_Records_
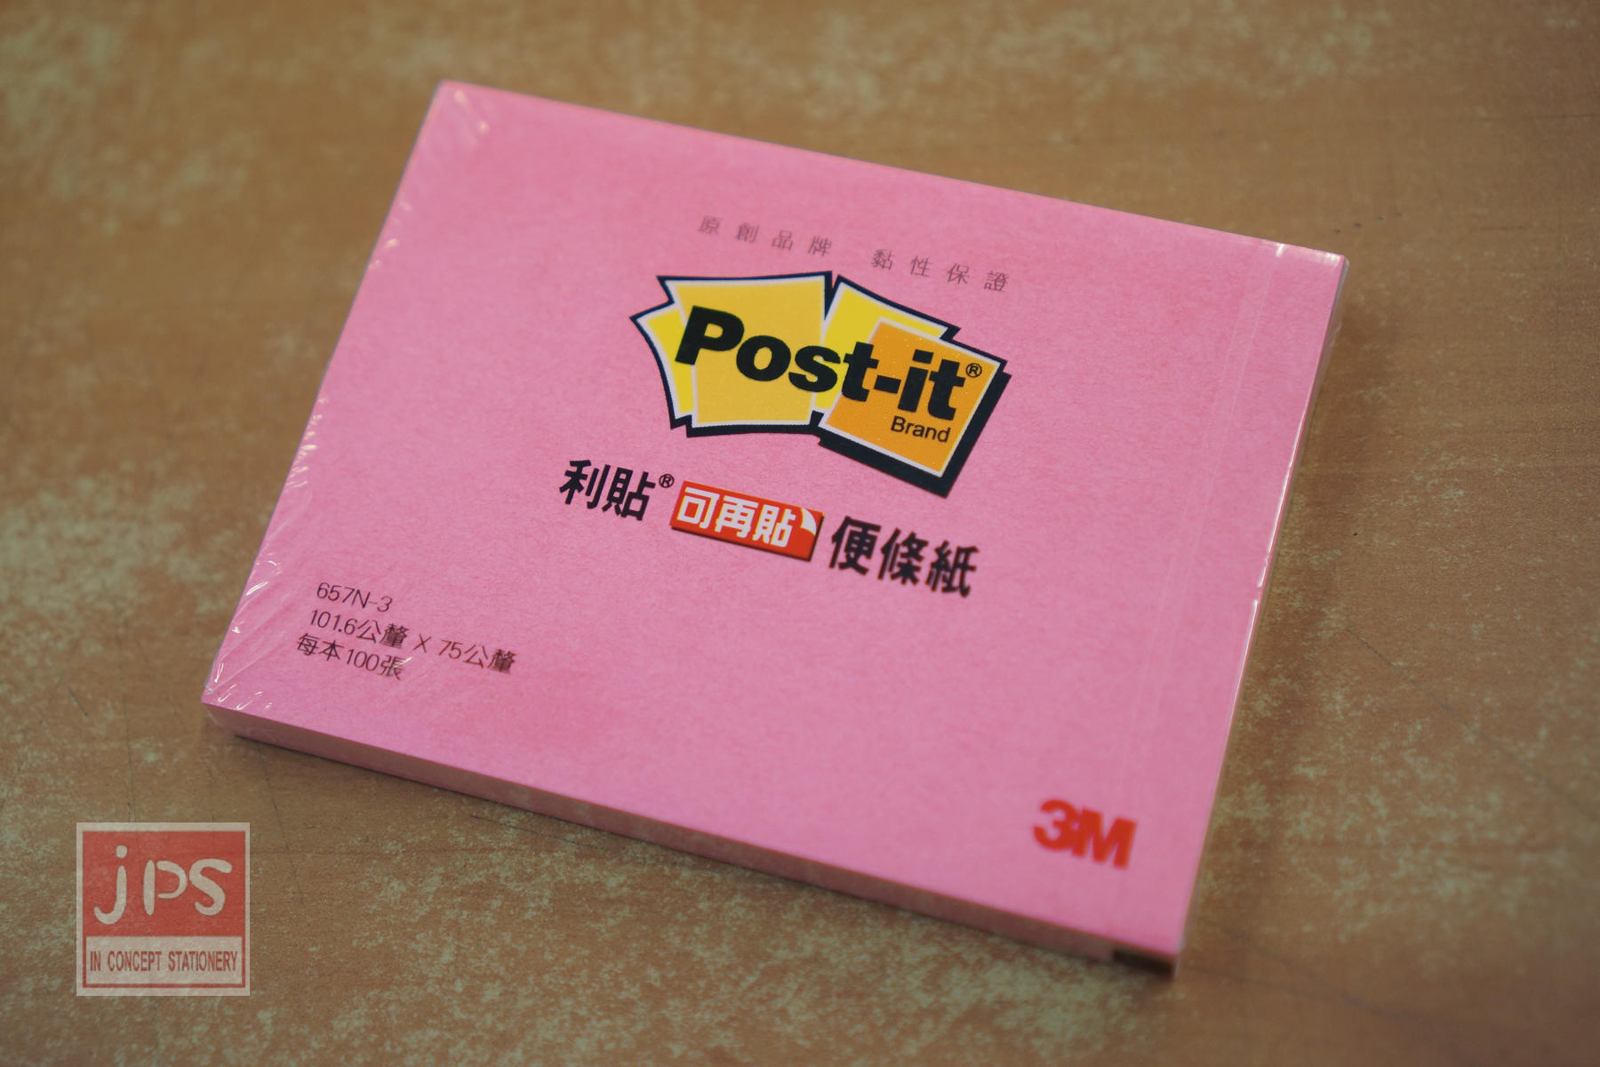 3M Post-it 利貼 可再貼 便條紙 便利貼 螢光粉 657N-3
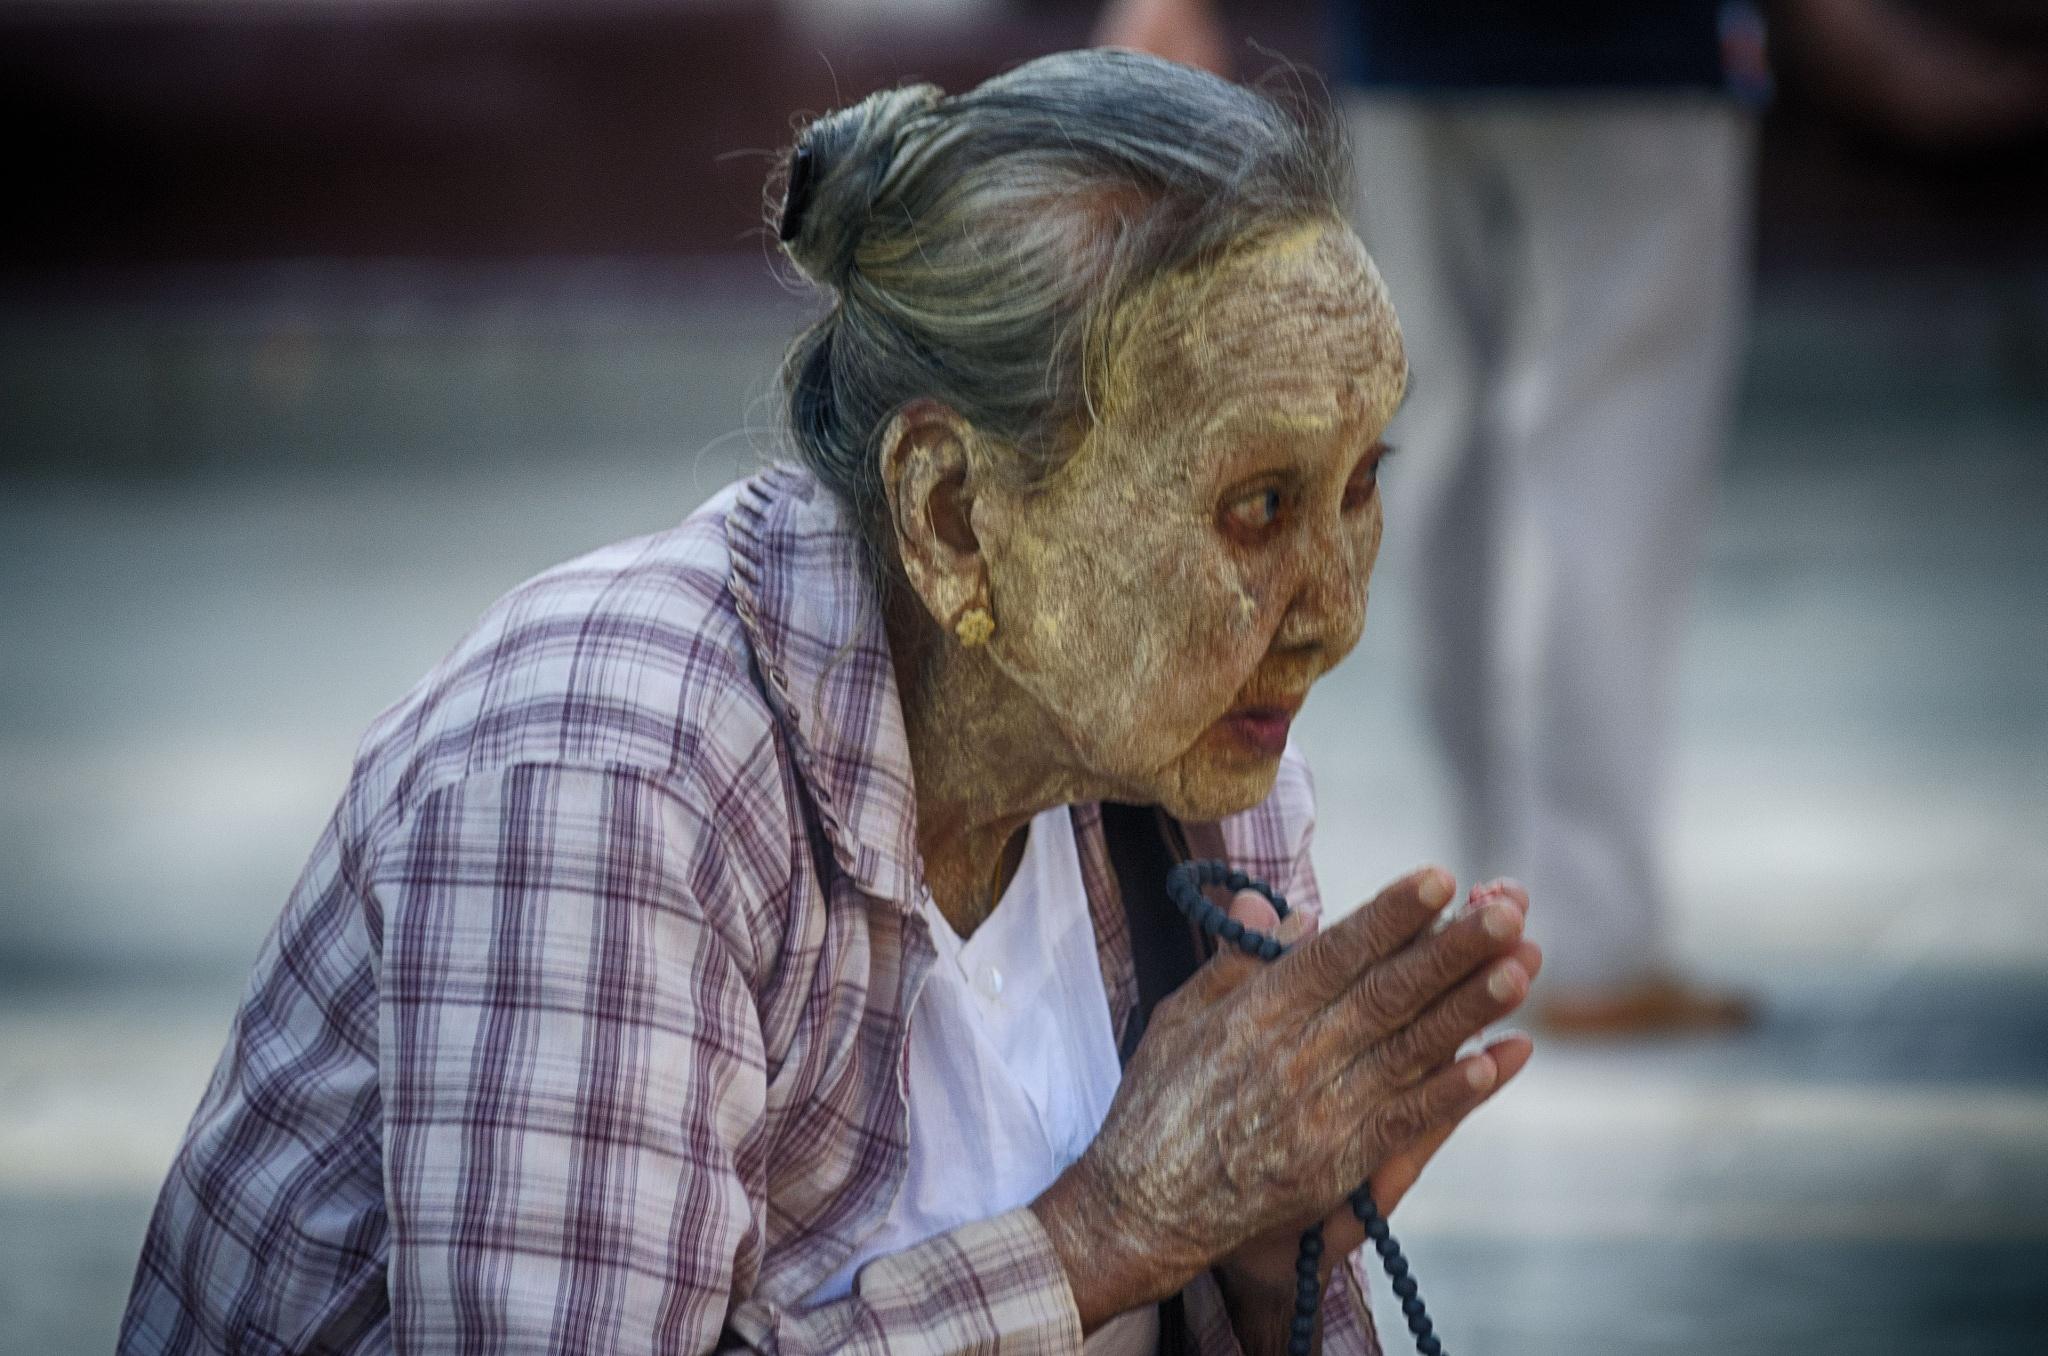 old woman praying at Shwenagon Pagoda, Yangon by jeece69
--
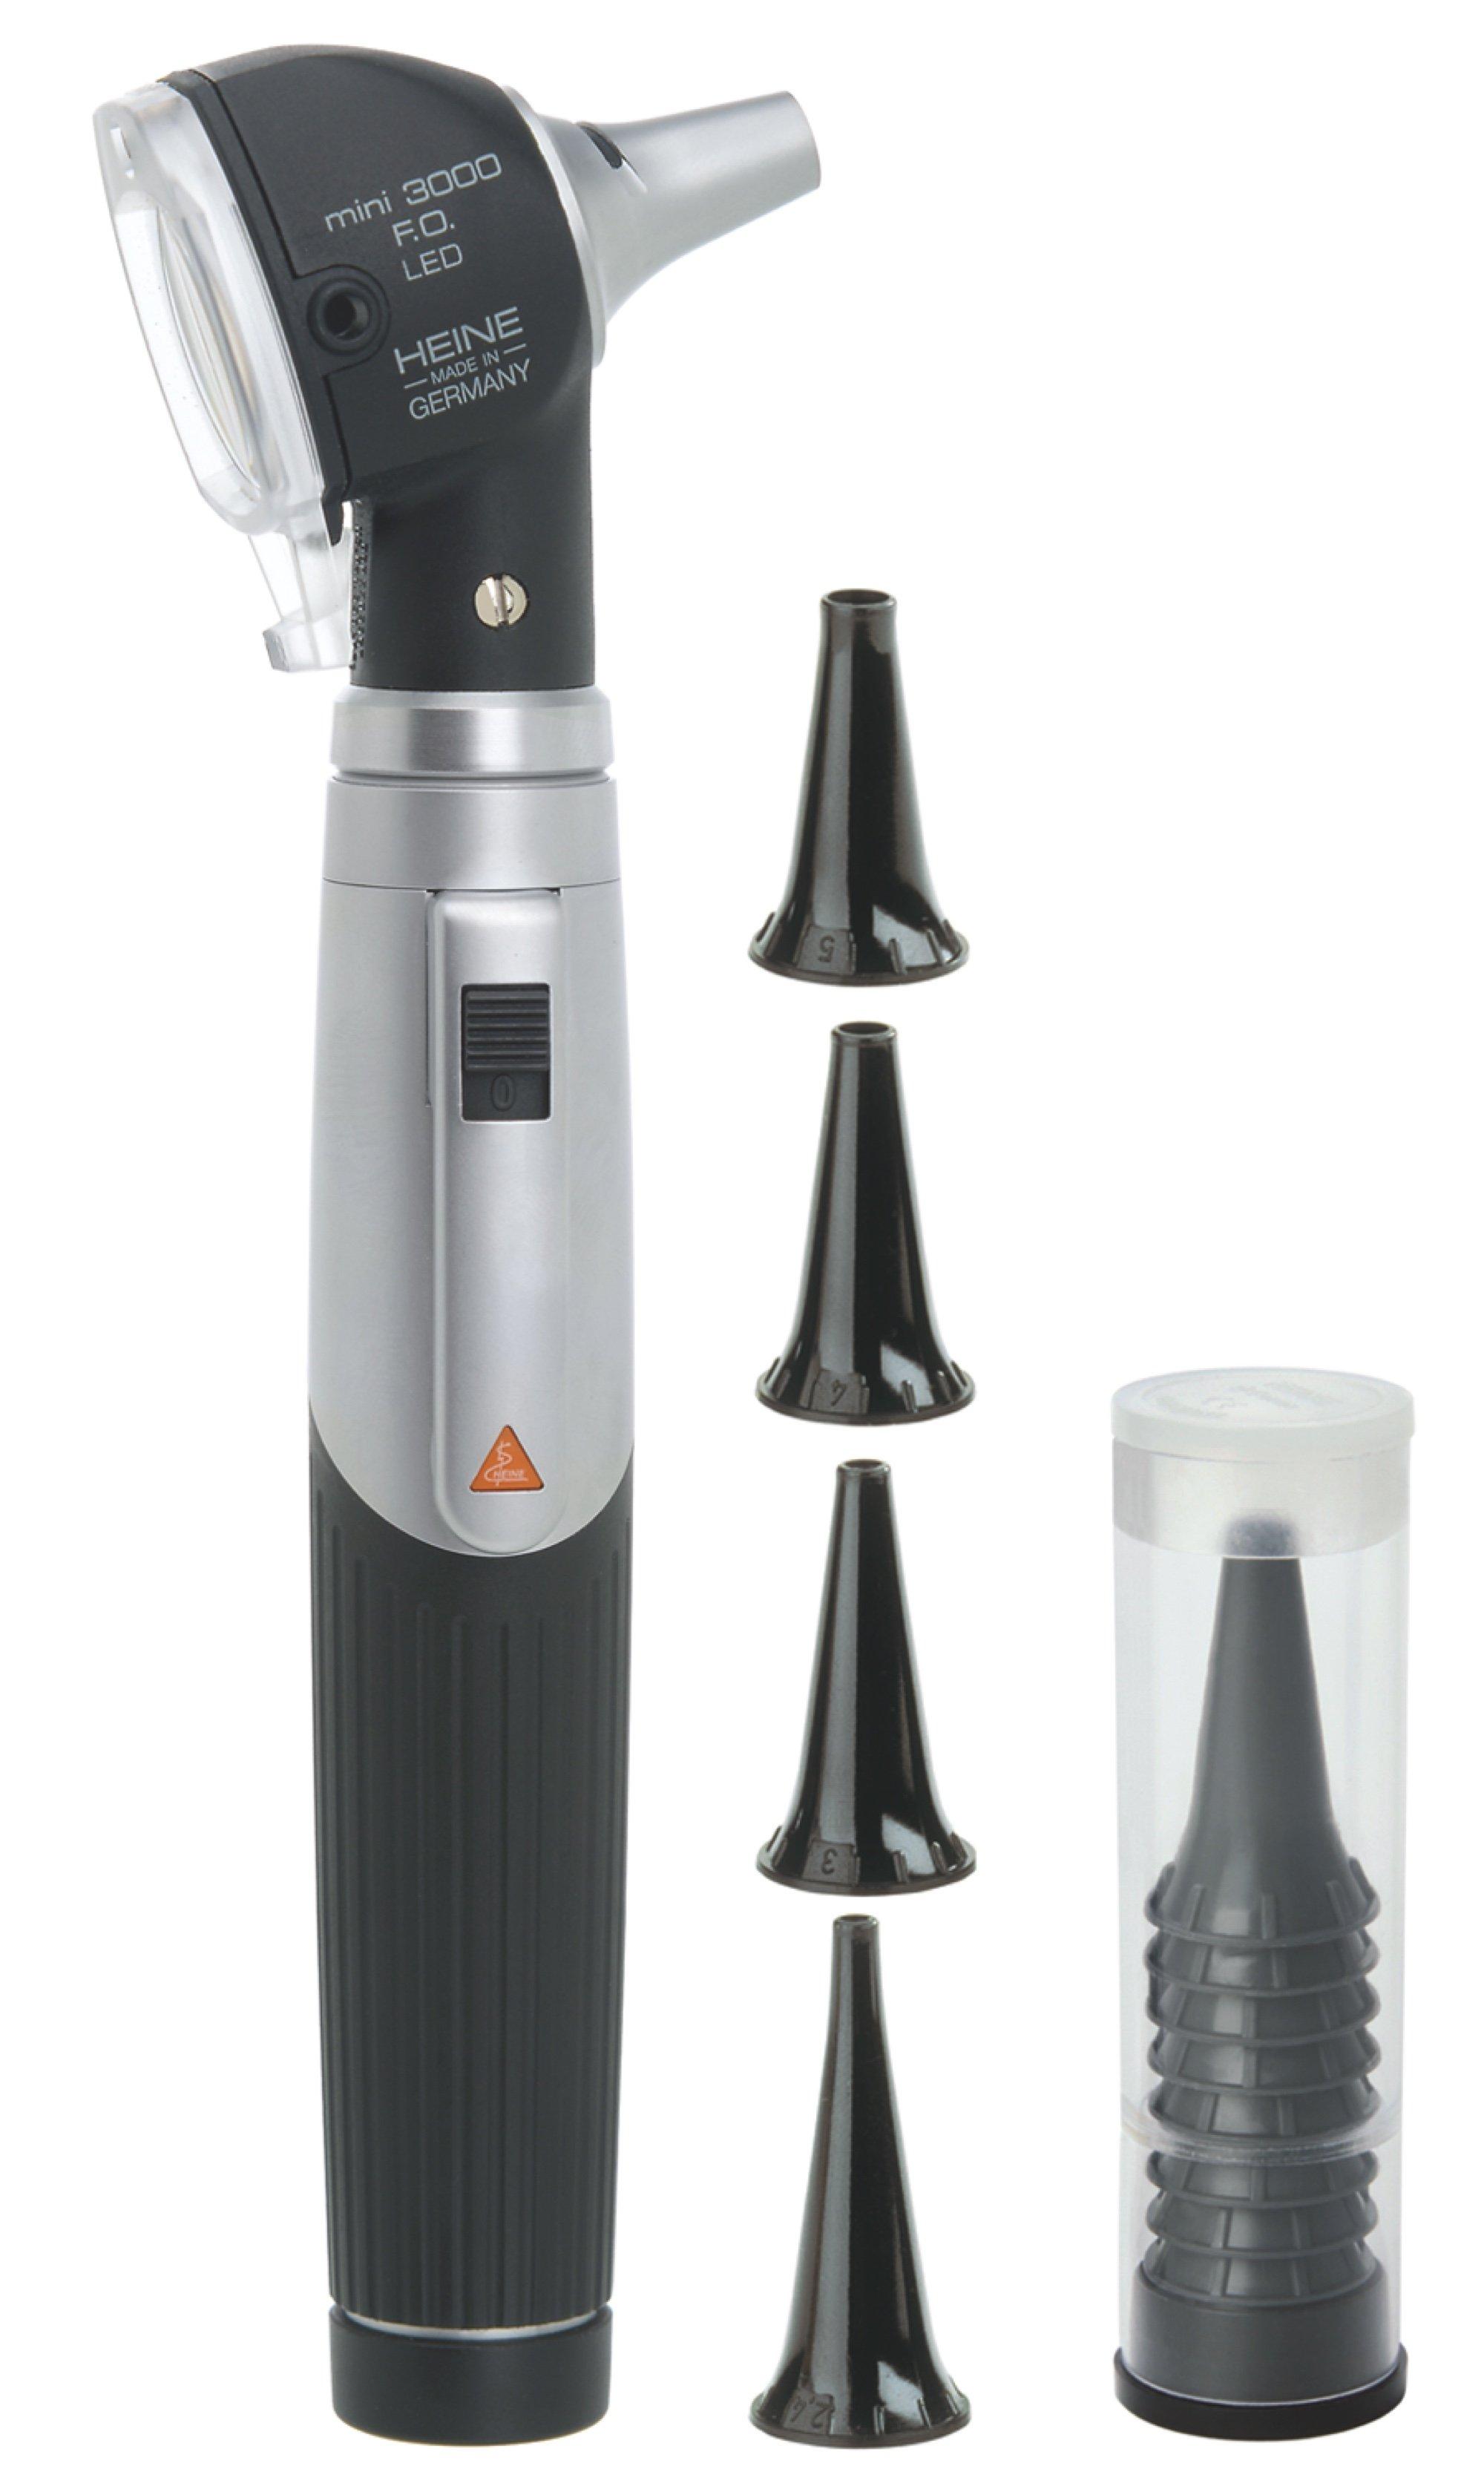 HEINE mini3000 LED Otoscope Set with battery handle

_Task description_
The line holding "3M Post-it 利貼 可再貼 便條紙 便利貼 螢光粉 657N-3" starts the copy and the line holding "old woman praying" ends it. Repeat those two lines above and all between them exactly, leaving out pictures.

_Written response_
 3M Post-it 利貼 可再貼 便條紙 便利貼 螢光粉 657N-3
 old woman praying at Shwenagon Pagoda, Yangon by jeece69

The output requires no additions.